:: SOURCE MATERIAL
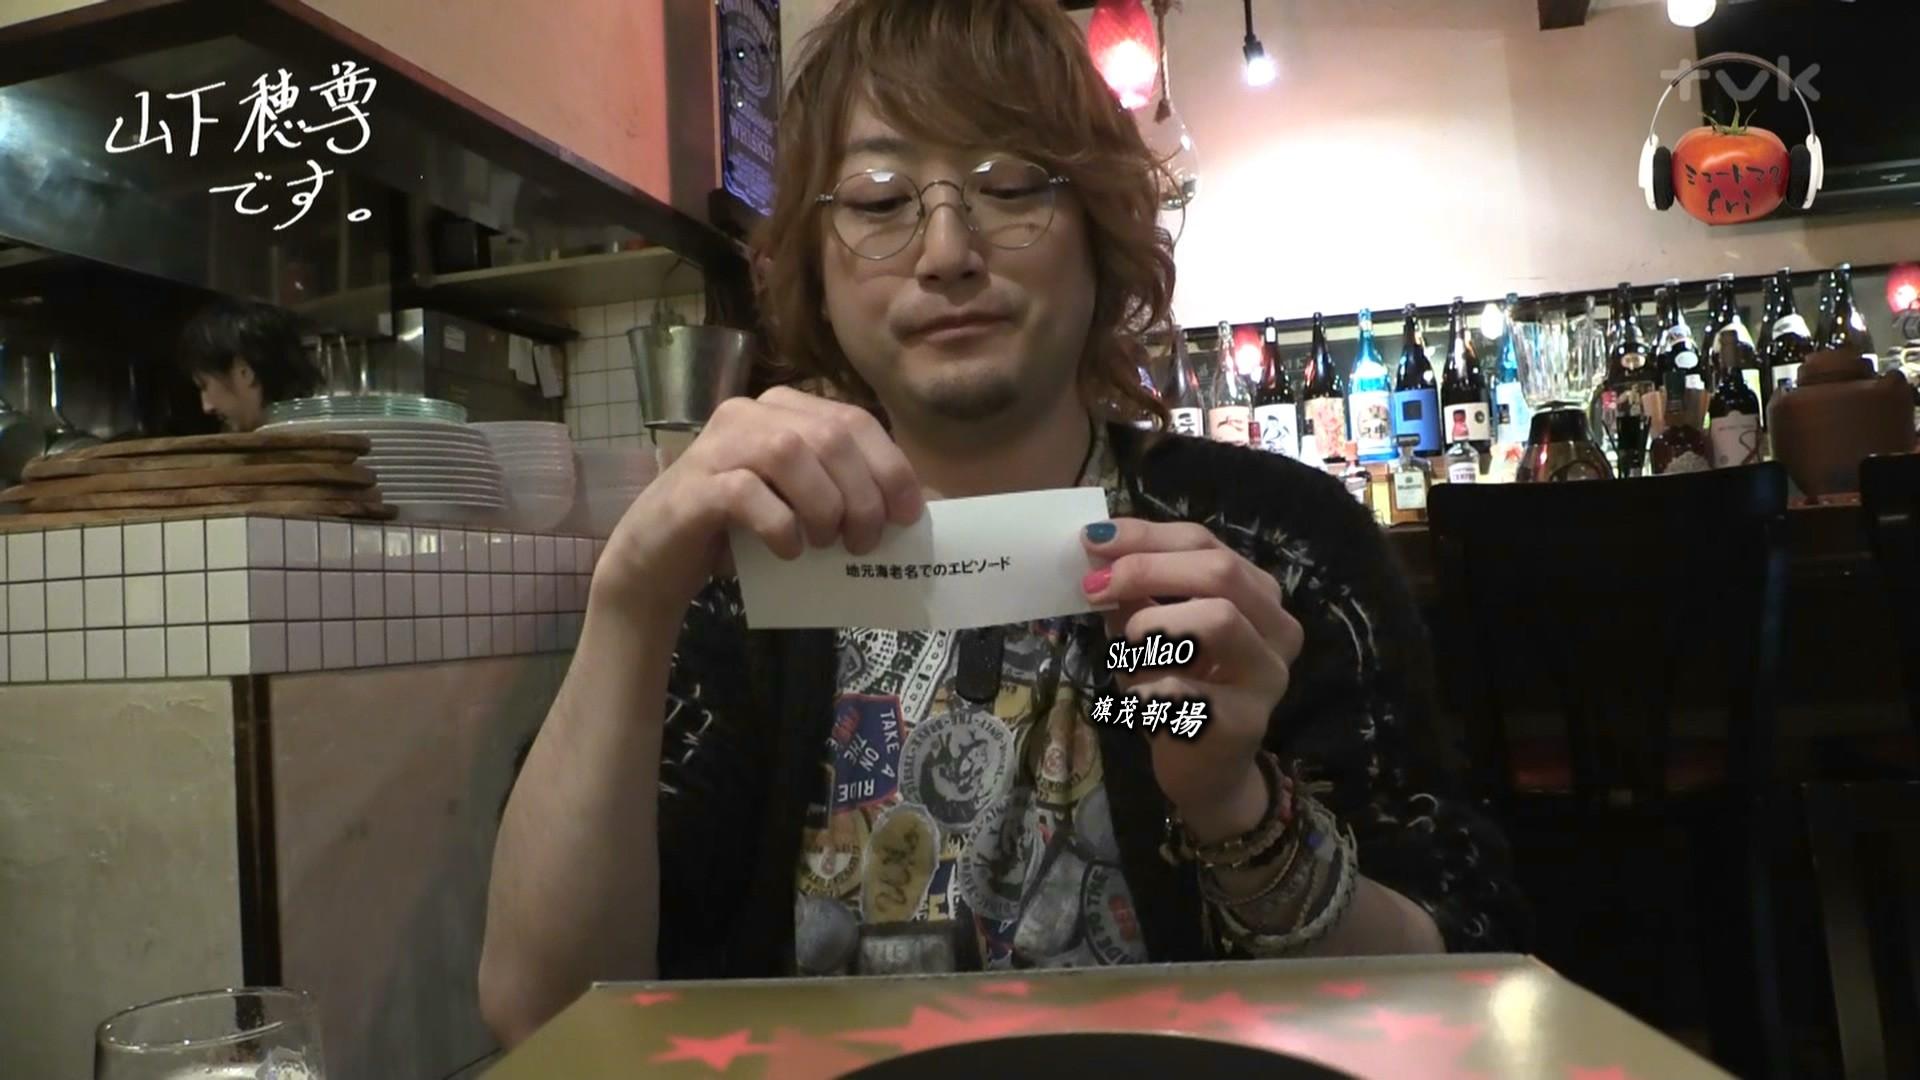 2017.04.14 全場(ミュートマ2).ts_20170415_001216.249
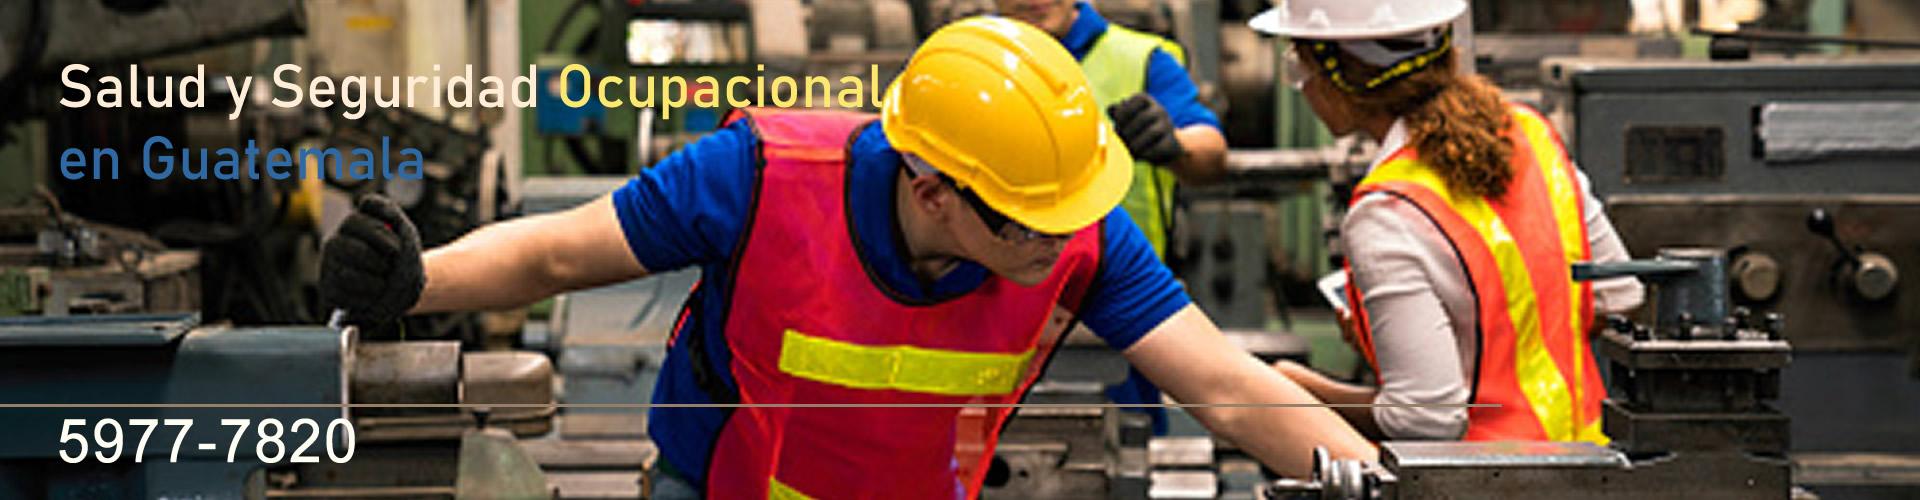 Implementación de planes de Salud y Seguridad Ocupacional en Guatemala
::::
:: SOURCE MATERIAL
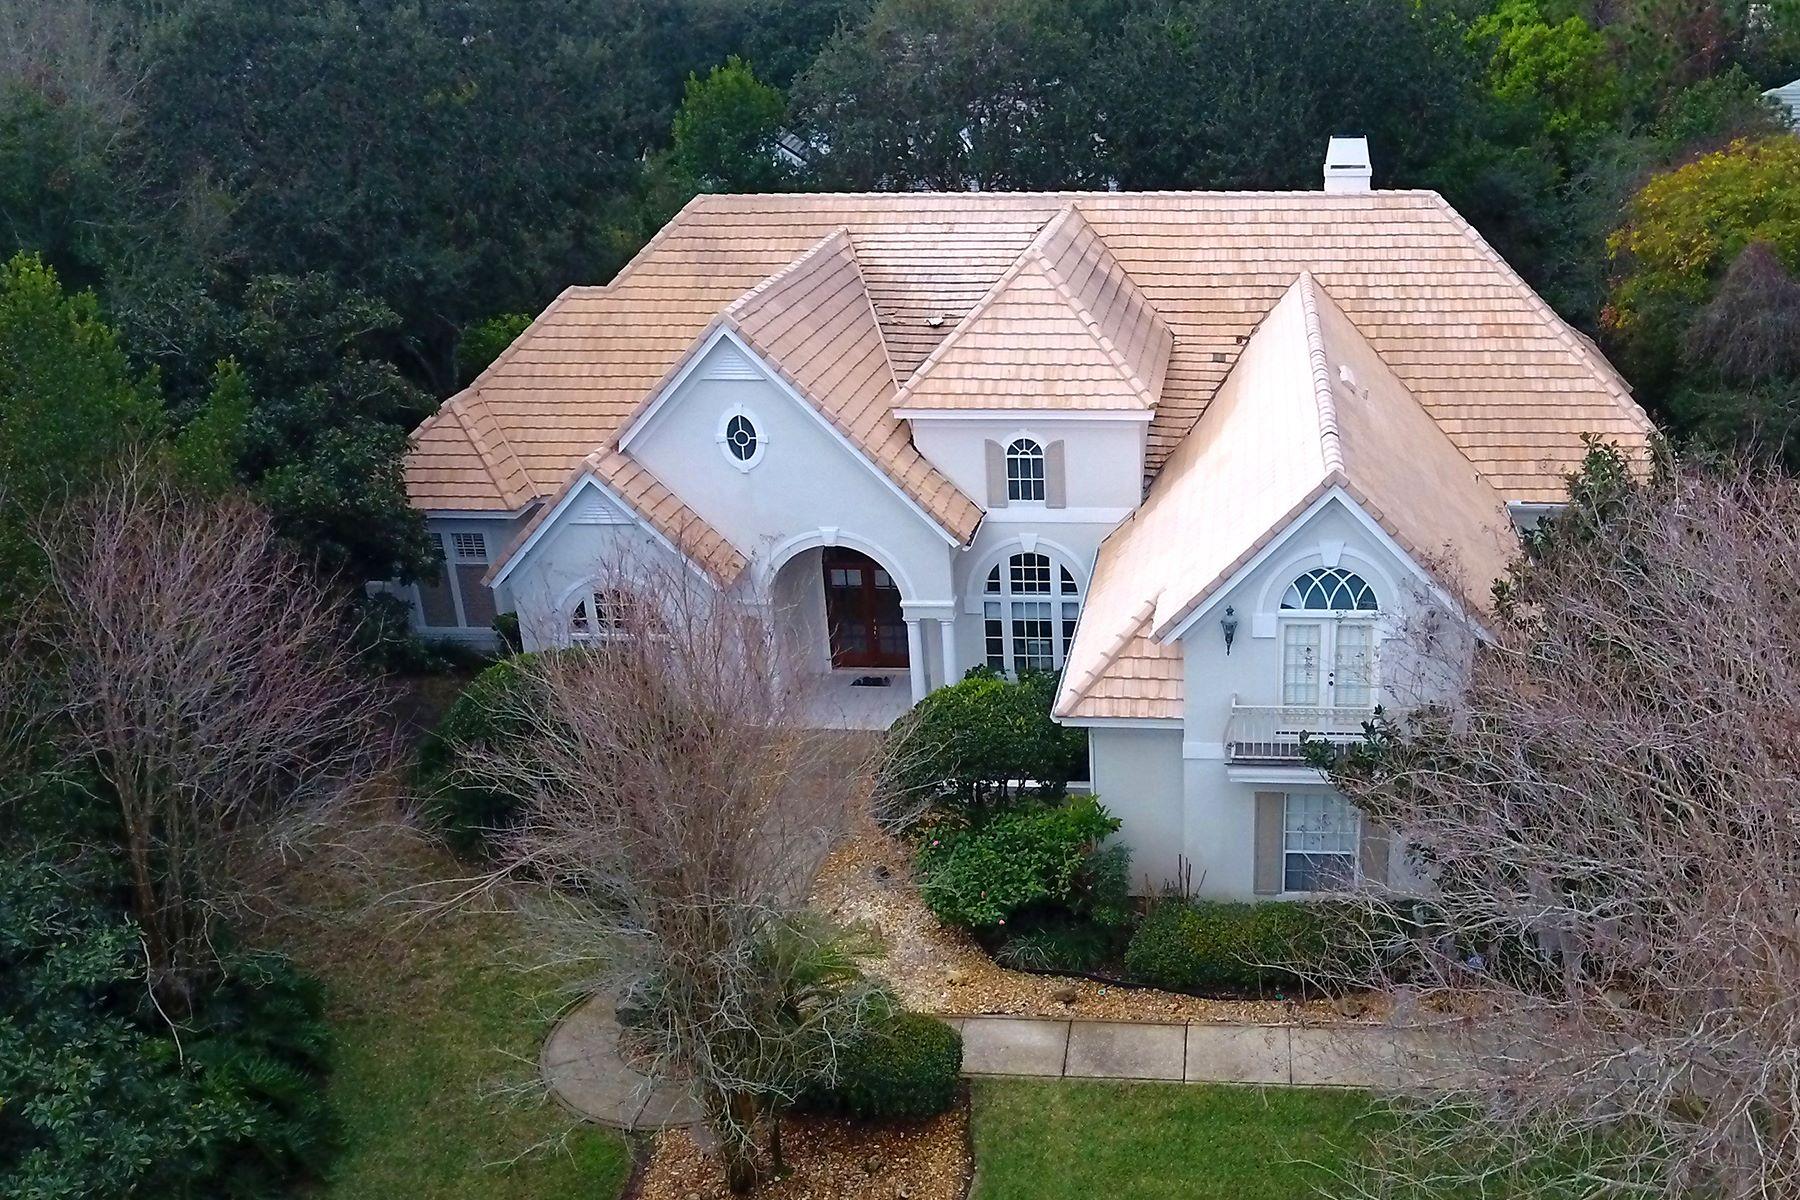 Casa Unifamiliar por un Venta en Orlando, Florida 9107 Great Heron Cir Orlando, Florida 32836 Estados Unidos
::::
:: SOURCE MATERIAL
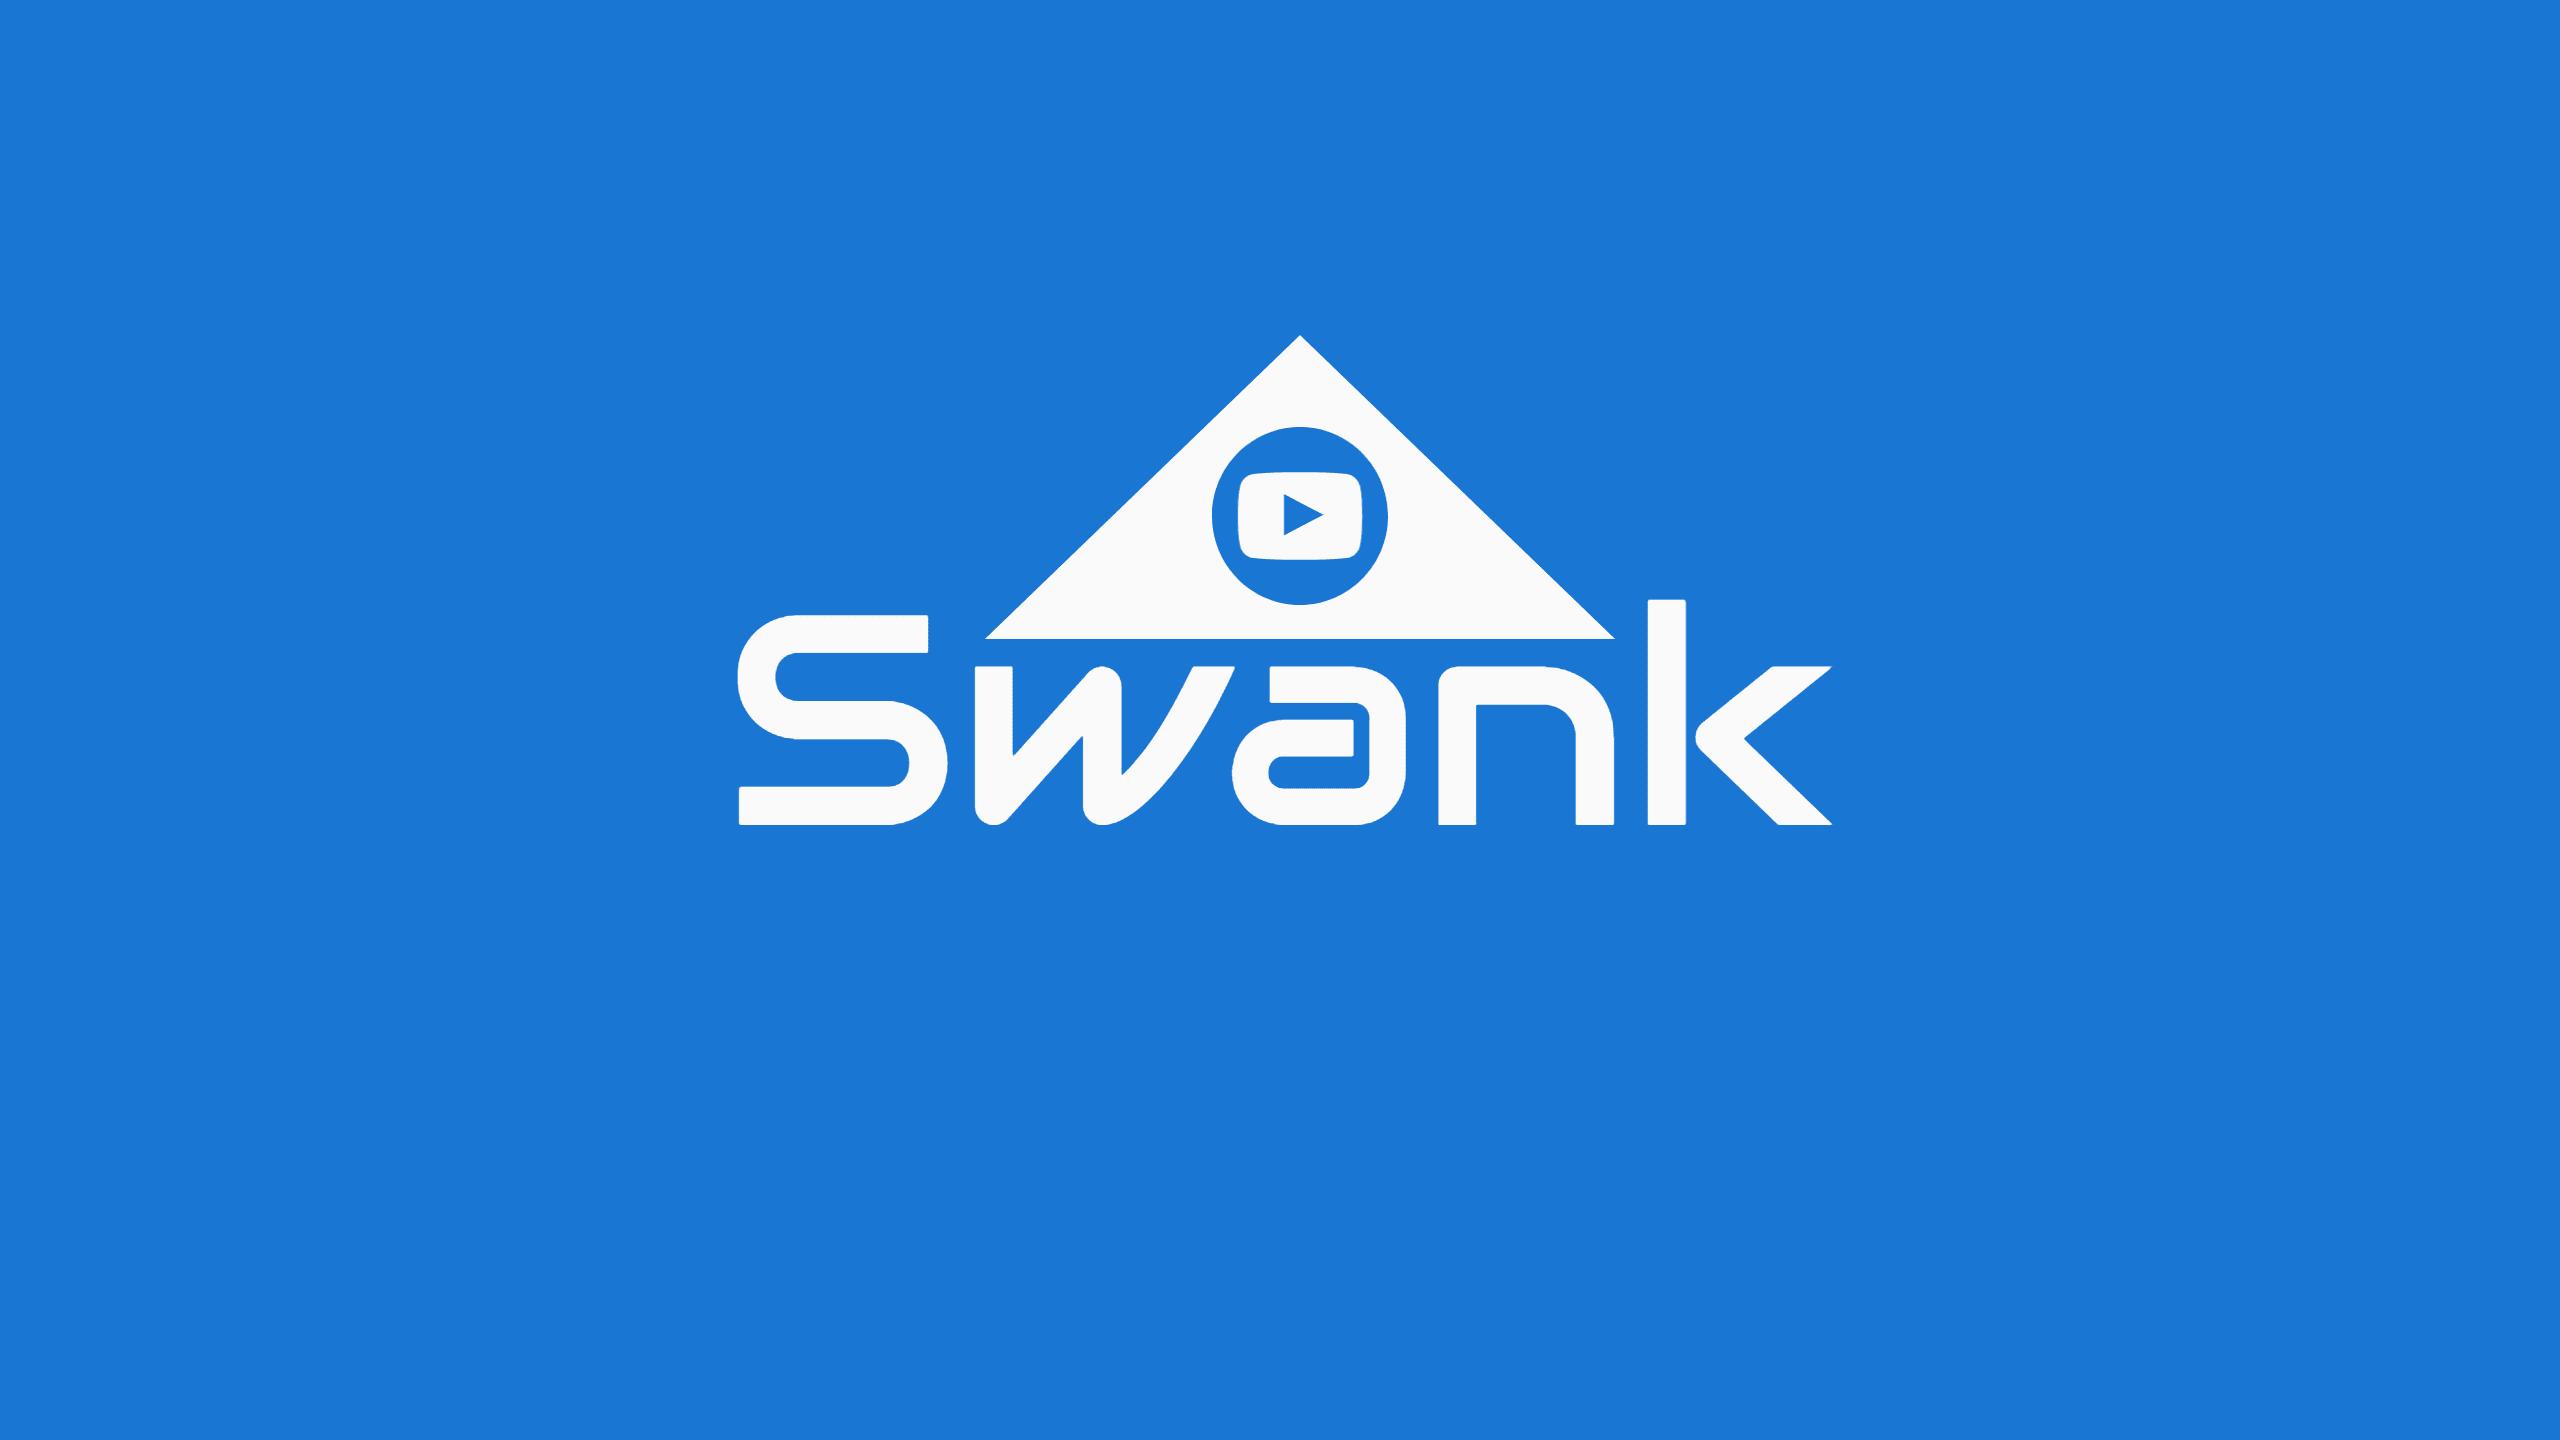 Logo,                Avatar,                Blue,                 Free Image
::::
YOUR OBJECTIVE
Go back to the listing above and write out the lines starting at the one with "2017.04.14 全場(ミュートマ2" and ending at the one with "Implementación de planes", inclusive, exactly and without pictures.

THE ANSWER
 2017.04.14 全場(ミュートマ2).ts_20170415_001216.249
 Implementación de planes de Salud y Seguridad Ocupacional en Guatemala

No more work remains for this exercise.